Relectura de Iris Dávila

PEDRO DE LA HOZ
pedro.hg@granma.cip.cu

De la urgencia del diarismo, de la perspectiva casi quemante de la publicación periódica, han nacido páginas imprescindibles para el pensamiento, la reflexión y la cosecha de ideas útiles y necesarias en la formación y orientación ciudadanas, las cuales han trascendido la inmediatez y dado un tiro de gracia al olvido presupuesto en el día a día de un oficio que afronta el paso del tiempo.

De ahí que la idea de conjurar la dispersión de un dilatado ejercicio como el de Iris Dávila mediante la compilación de una serie de sus trabajos periodísticos sea bienvenida, más cuando se trata de alguien a quien se le identifica con una faceta creativa en la que ha dejado una herencia ineludible: la dramaturgia radiofónica.

En efecto, Iris es una de las autoras imprescindibles de la radio cubana. Sus radionovelas en los cincuenta hicieron época tanto por su lograda escritura como por haberse atrevido a presentar conflictos que rebasan los estrechos conceptos de la moral burguesa.

Pero también de modo paralelo fue tejiendo desde muy temprana data una apreciable cadena de artículos y crónicas que se prolongan hasta fechas recientes.

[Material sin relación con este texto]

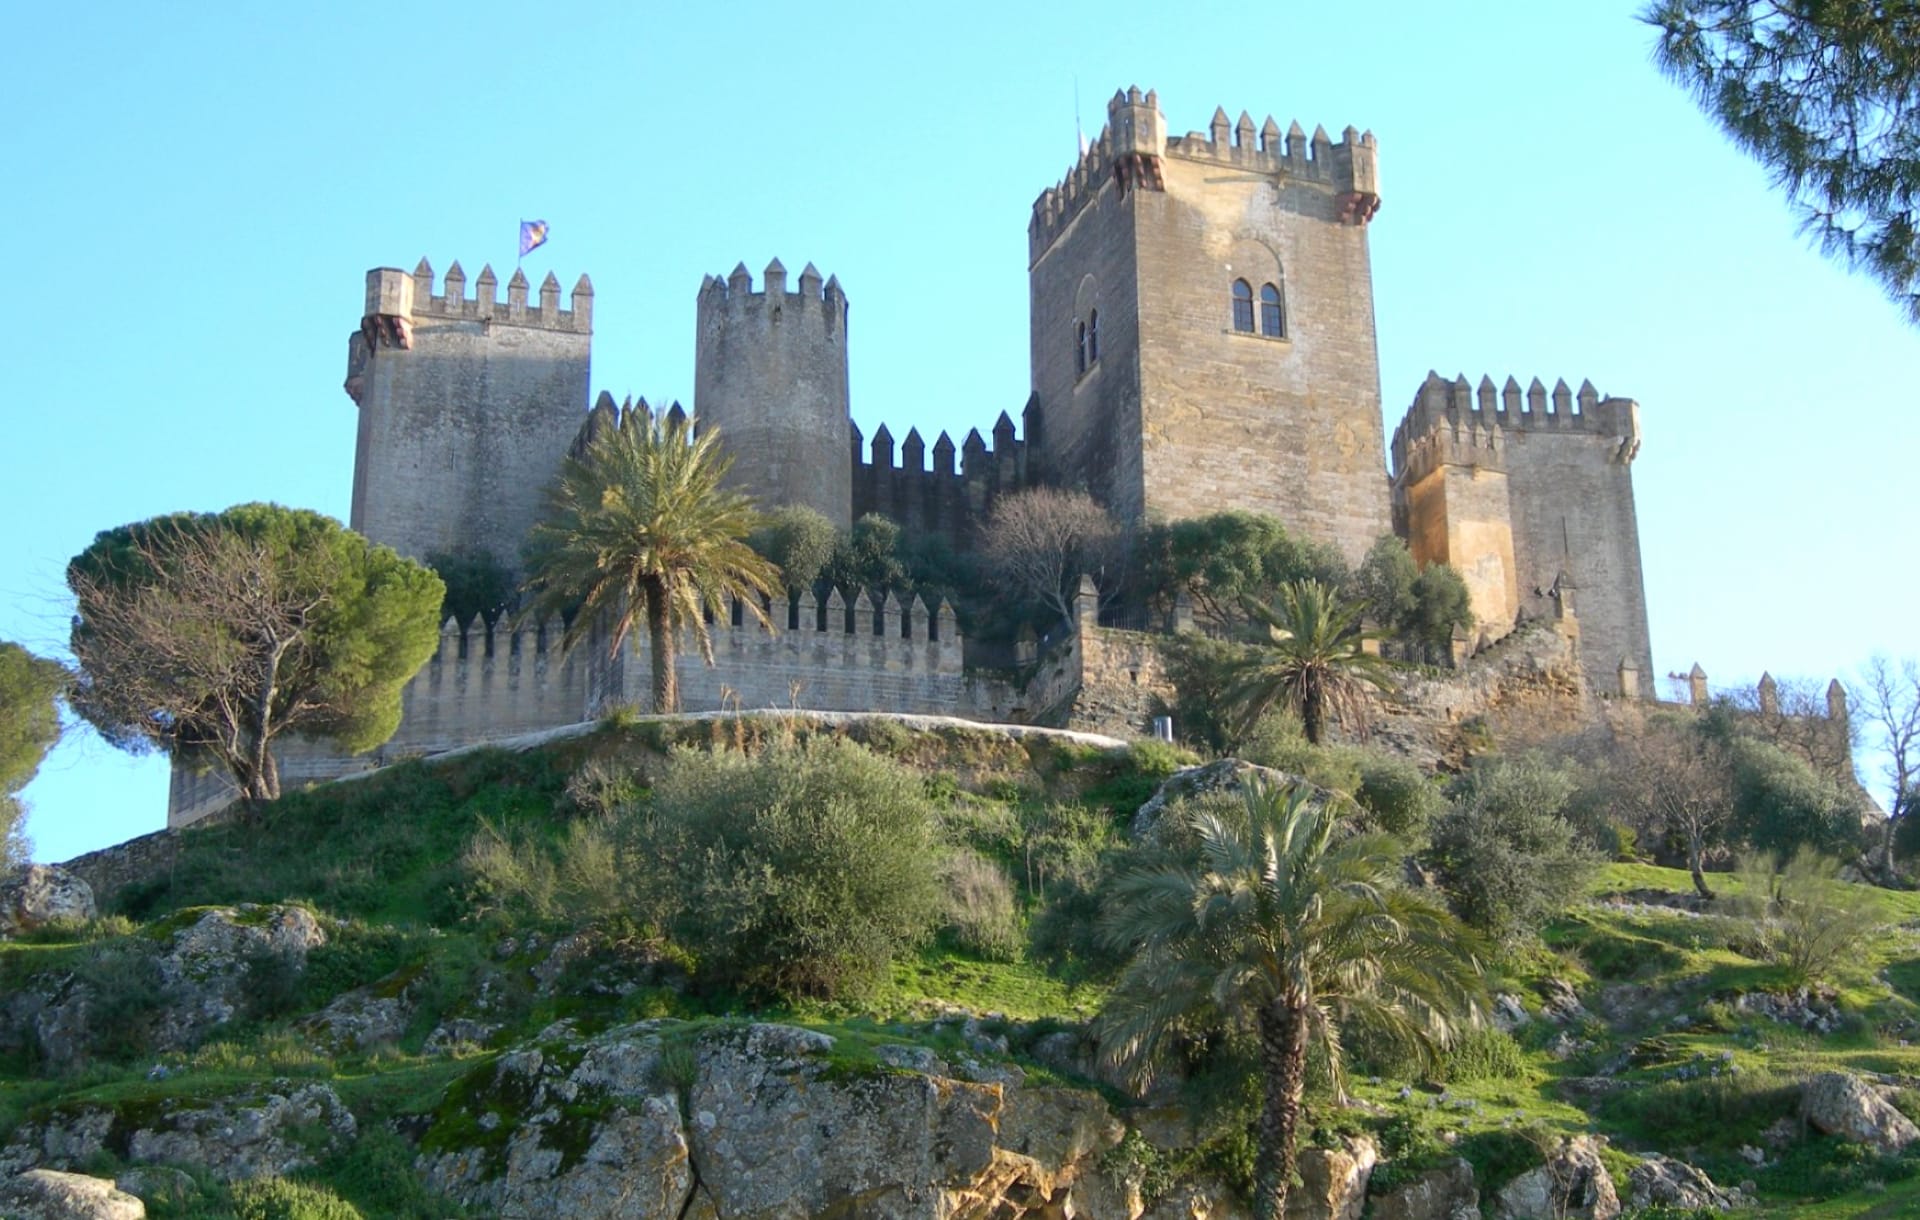 Castillo de Almodovar del Rio at 640 x 1136 iPhone 5 size wallpapers HD quality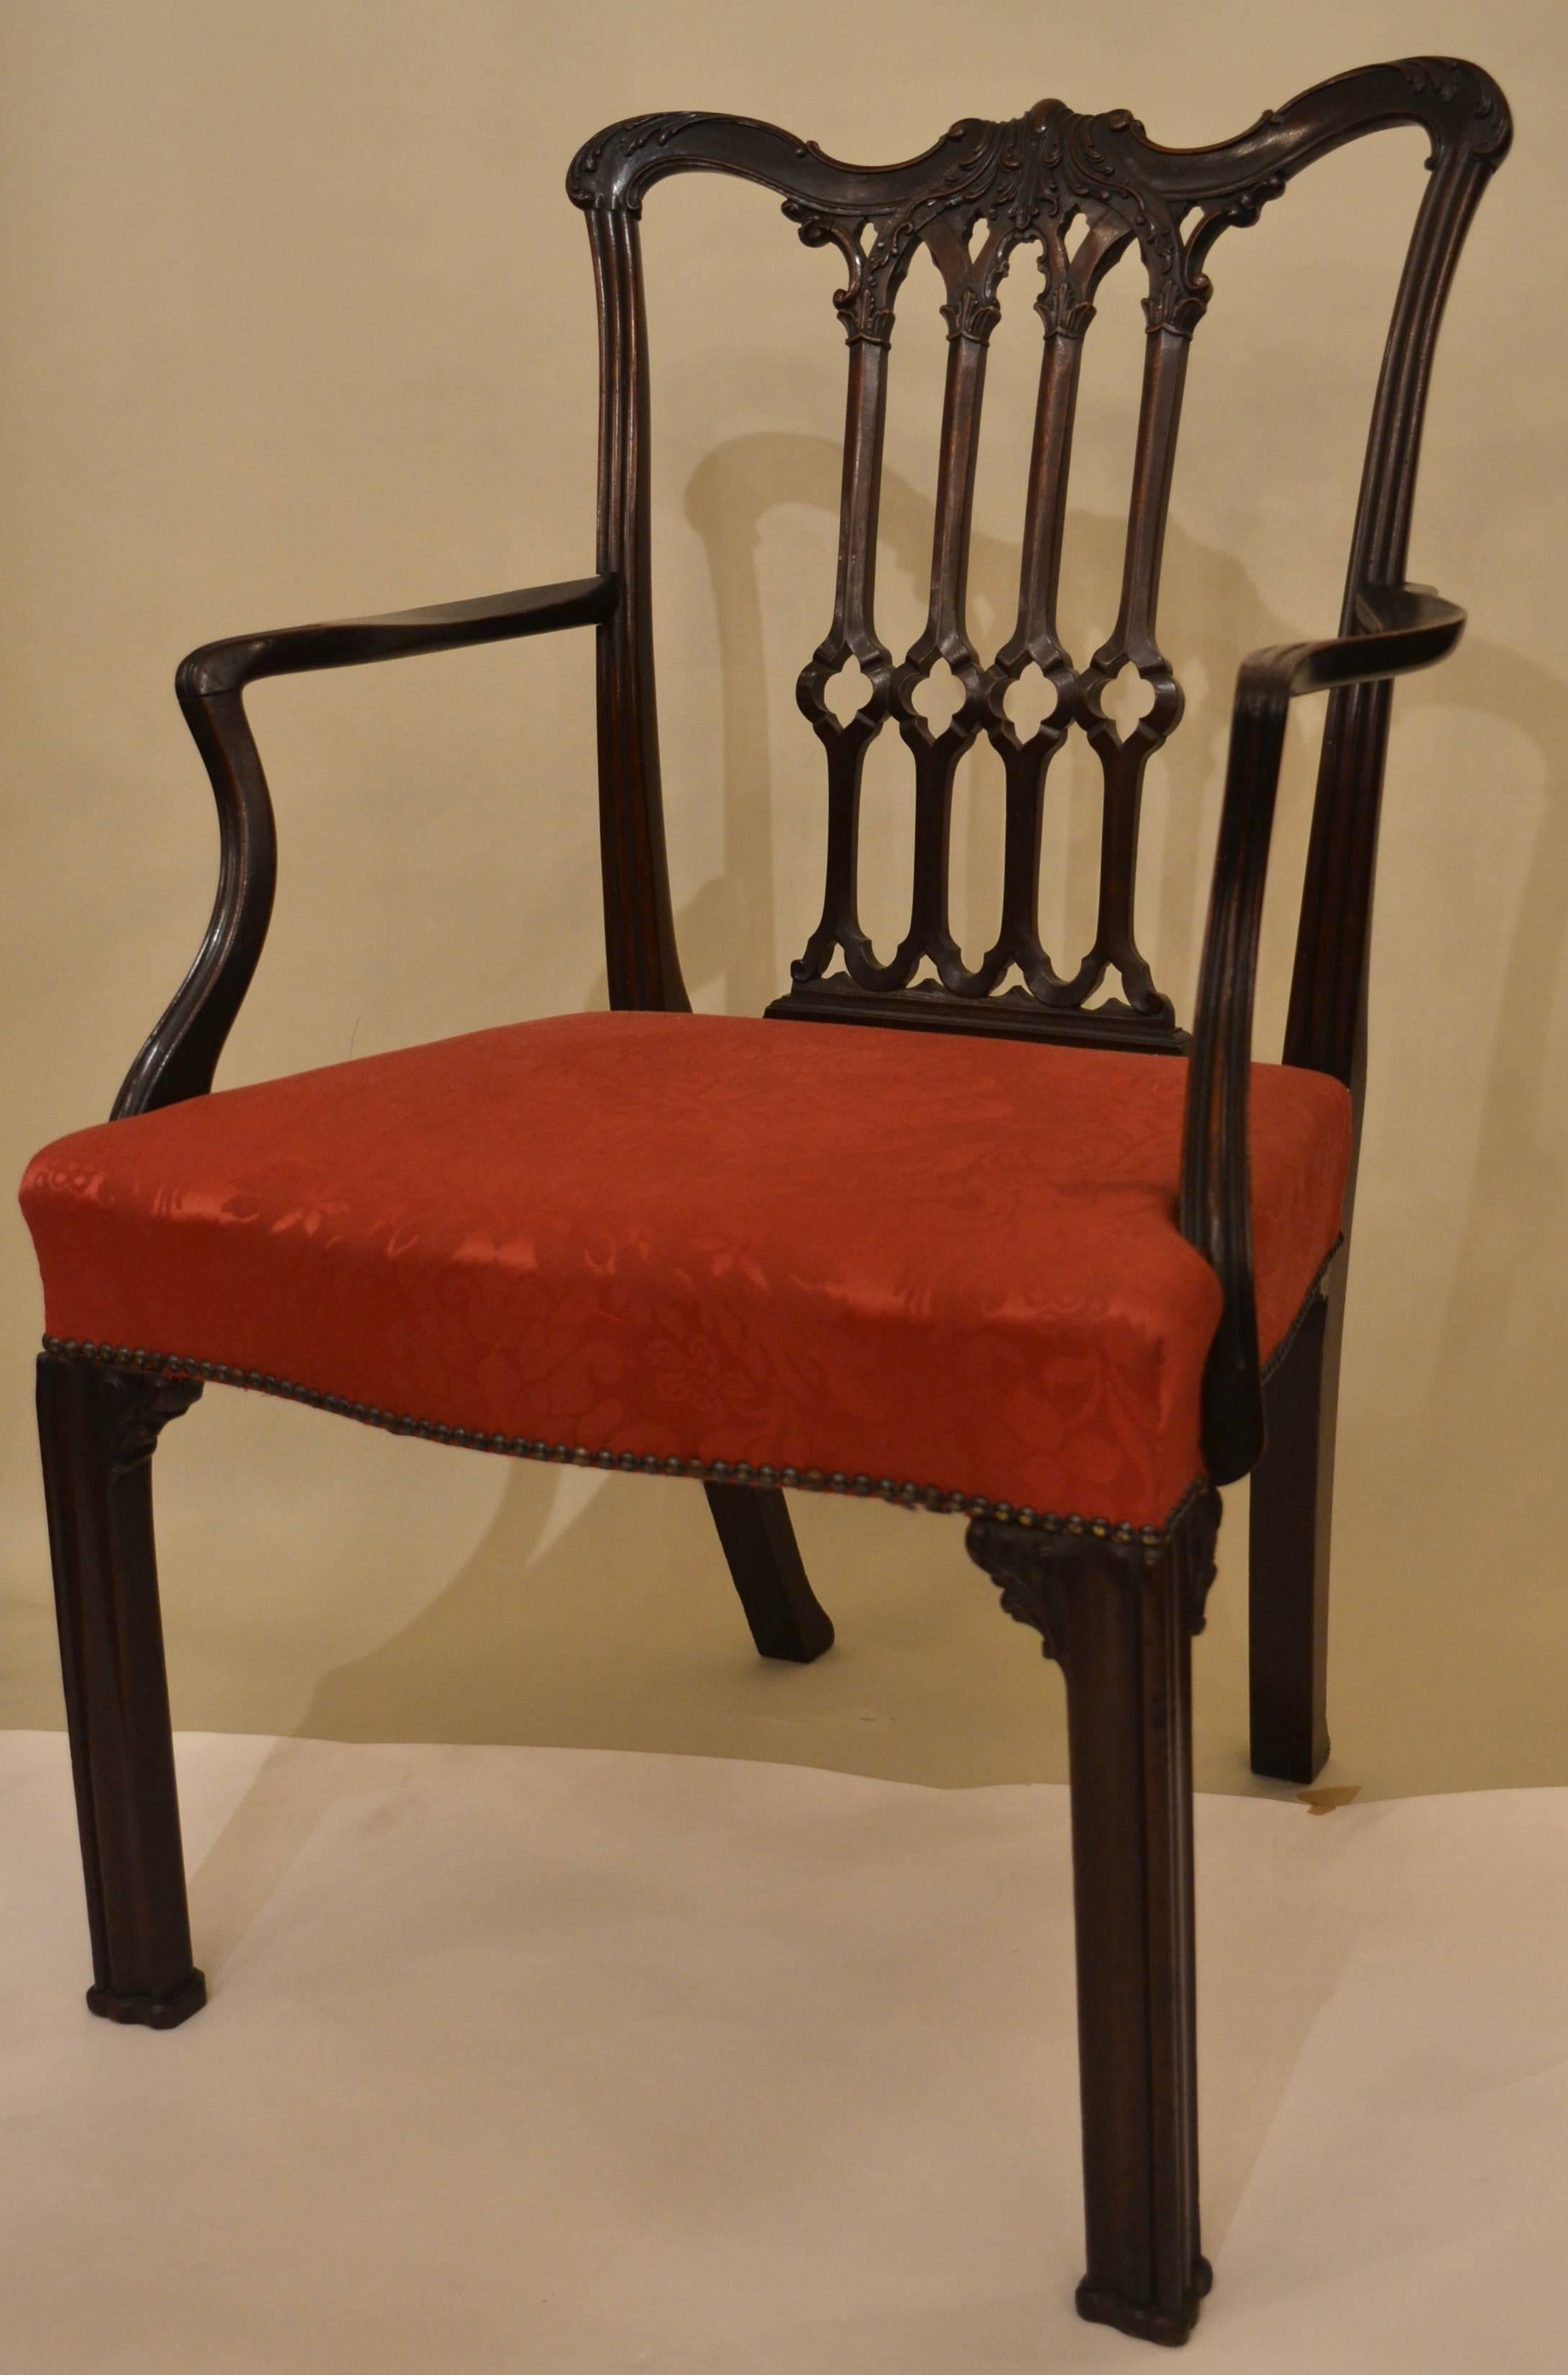 Ein schönes Beispiel für einen Sessel aus der georgianischen Zeit.

Una selección de estos trabajos acaba de ser publicada por Ediciones Unión bajo el título Delirio de periodista.

La vocación patriótica y el sentido ético de su inserción en el periodismo cubano se expresaron en artículos dedicados a José Martí, el grito de Yara y una valiente exposición sobre el destino de la Universidad de La Habana que vio la luz en Bohemia nada menos que en 1957.

Una buena parte de sus contribuciones a la prensa periódica se vio reflejada en la revista Mujeres, donde privilegió los acercamientos a personalidades femeninas im-prescindibles en la historia y la cultura cubanas.

Agudeza y precisión caracterizaron sus incursiones en la crítica y la reseña literarias, mediante una prosa ágil y dialogante con el lector que de igual modo nutre sus relaciones costumbristas, en las que renueva un género tan criollo como lo es la estampa.

Pero quizás la mejor cosecha de Iris, al menos para una época como la nuestra marcada por la influencia social de los medios de comunicación, se tenga en aquella parcela en la que aborda las realidades y perspectivas de la radio y la televisión.

Volver a leer sus criterios sobre el melodrama, la novela radial y la telenovela equivale a asistir a una lección magistral, ni apocalíptica ni integrada, va-liéndonos de la célebre terminología de Umberto Eco, Iris Dávila ofrece razones y argumentos en defensa de la legitimidad y autenticidad de esas expresiones de la cultura de masas sin que por ello obvie distorsiones, manquedades ni ligerezas. Lo hace con conocimiento de cau-sa y una integridad intelectual irreductible.

Nada delirante esta selección de textos. La lucidez va por delante.